На второй день перед полуднем доехали до хутора, где красные кирпичные амбары для хлеба и машин, кирпичные конюшни для скота и кирпичный дом для приказчика и рабочих. Издали они завиднелись, и дед долго в них всматривался.
— Постой, Храпон, это наше?
— Так точно.
Дед нахмурился.
— Когда же построили?
— Недавно.
— А ну остановись!
Храпон остановил лошадей.
Иван подъехал. А хутор — вот он рядом, но не хочет старик въезжать туда.
— Иван, это что же такое будет?
— Ты насчет чего, папаша?
— Не виляй! — закричал свирепо дед. — Я тебя спрашиваю: откуда эти постройки?

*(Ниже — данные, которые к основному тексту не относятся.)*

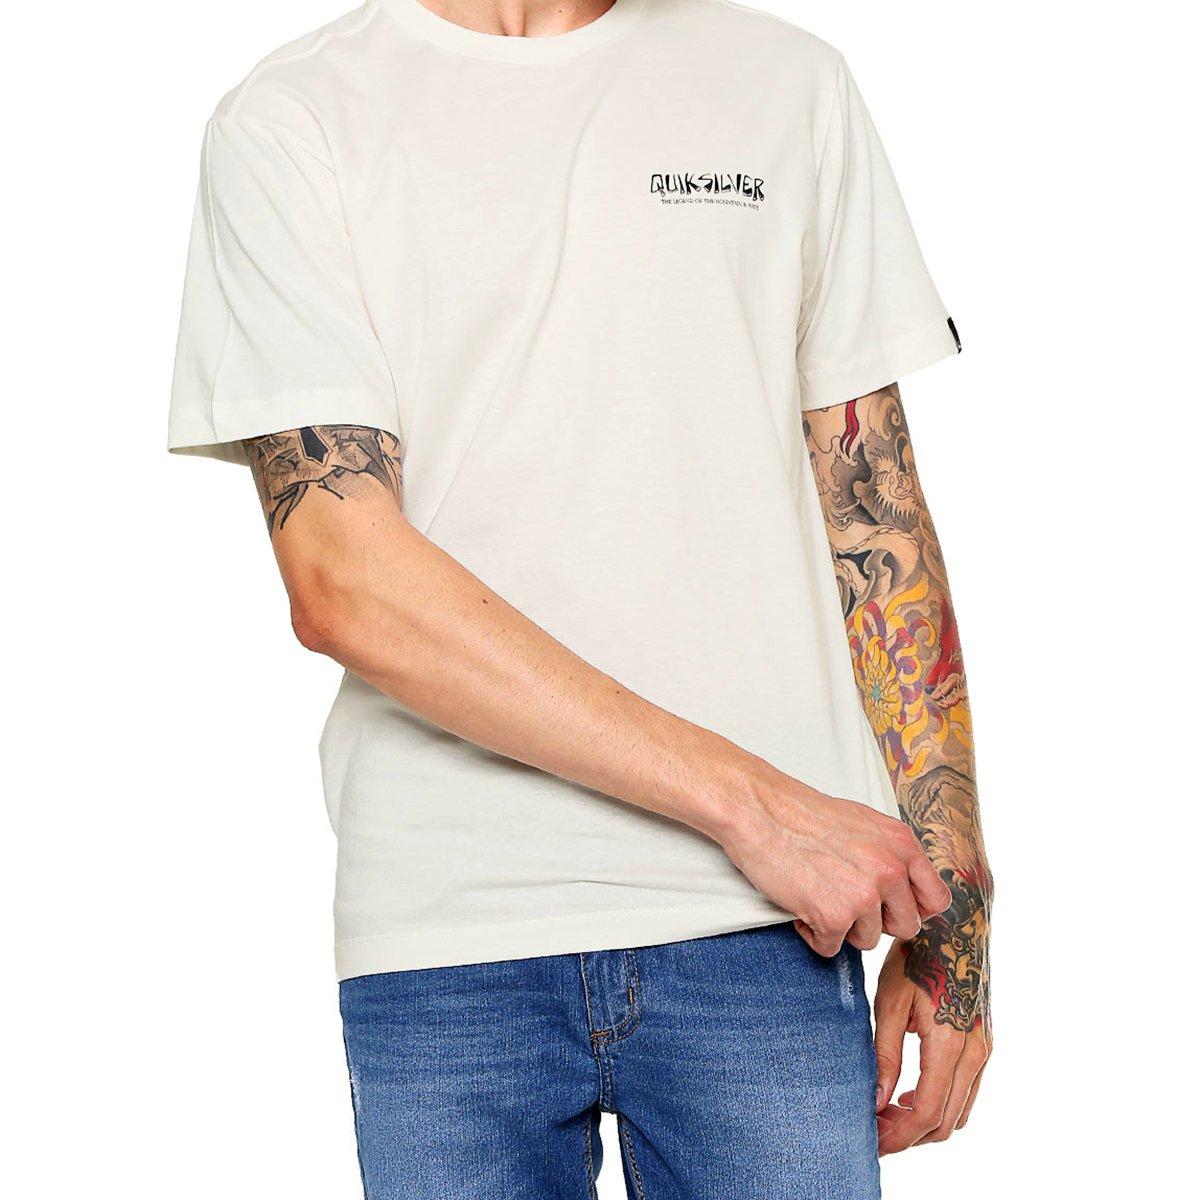 Camiseta Quiksilver Logo Off White Masculina - Branca

— В третьем году поставили.
— А я где был?
— Дома.
Витька видел, как отец побледнел.
Дедова палка сама щелкала по дну кибитки. И дед стал весь малиновый, лицо из-за бороды пылало красным заревом.
— Перевод деньгам только делаешь. У, шкура!
Так свирепый и приехал дед на хутор. Все ходил, бурчал что-то под нос. И только когда увидел все хозяйство, крепко слаженное, сказал сыну милостиво:
— А ты это, пожалуй, хорошо удумал. Навеки сколочено.
Отец сразу повеселел.
— А чего глядеть-то? Мы не на один год поселились. Мазанки — шут ли в них толку? Пять лет простоит — строй другую. А тут без хлопот!
Дед самодовольно посмотрел на Витьку, смеясь одними глазами:
— Вот тебе, брат, и пустыня! Шабаш!
И помолодел будто. И уже любовно смотрел в степные просторы.
Когда опять выехали степью за хутор, самодовольно поглаживал бороду аршинную.
— Вот и наши края пошли. Видишь песок? Здесь пустыня была. Пришел я в те поры — только трава да песок, да киргизишки табуны свои гоняли. Десять годов не прошло — все распахал. Стоп, пустыня-матушка, отодвигайся, нам не до тебя!
Дед повел рукой, будто отодвинул кого.
А Витька ждал: когда же будет пустыня? Но только зеленые просторы, стаи птиц над дальними полями, маленькие церкви на краях степи, теплый ветер, хутора. И нигде никакого лица.
На четвертый вечер остановились ночевать на хуторе Красная Балка. Дед к вечеру заохал, опять заворчал недовольно.
— Ты, дедушка, что?
— Кости, внучек, ломят: ненастье завтра будет.
После заката работники собрались на краю степи, у колодца.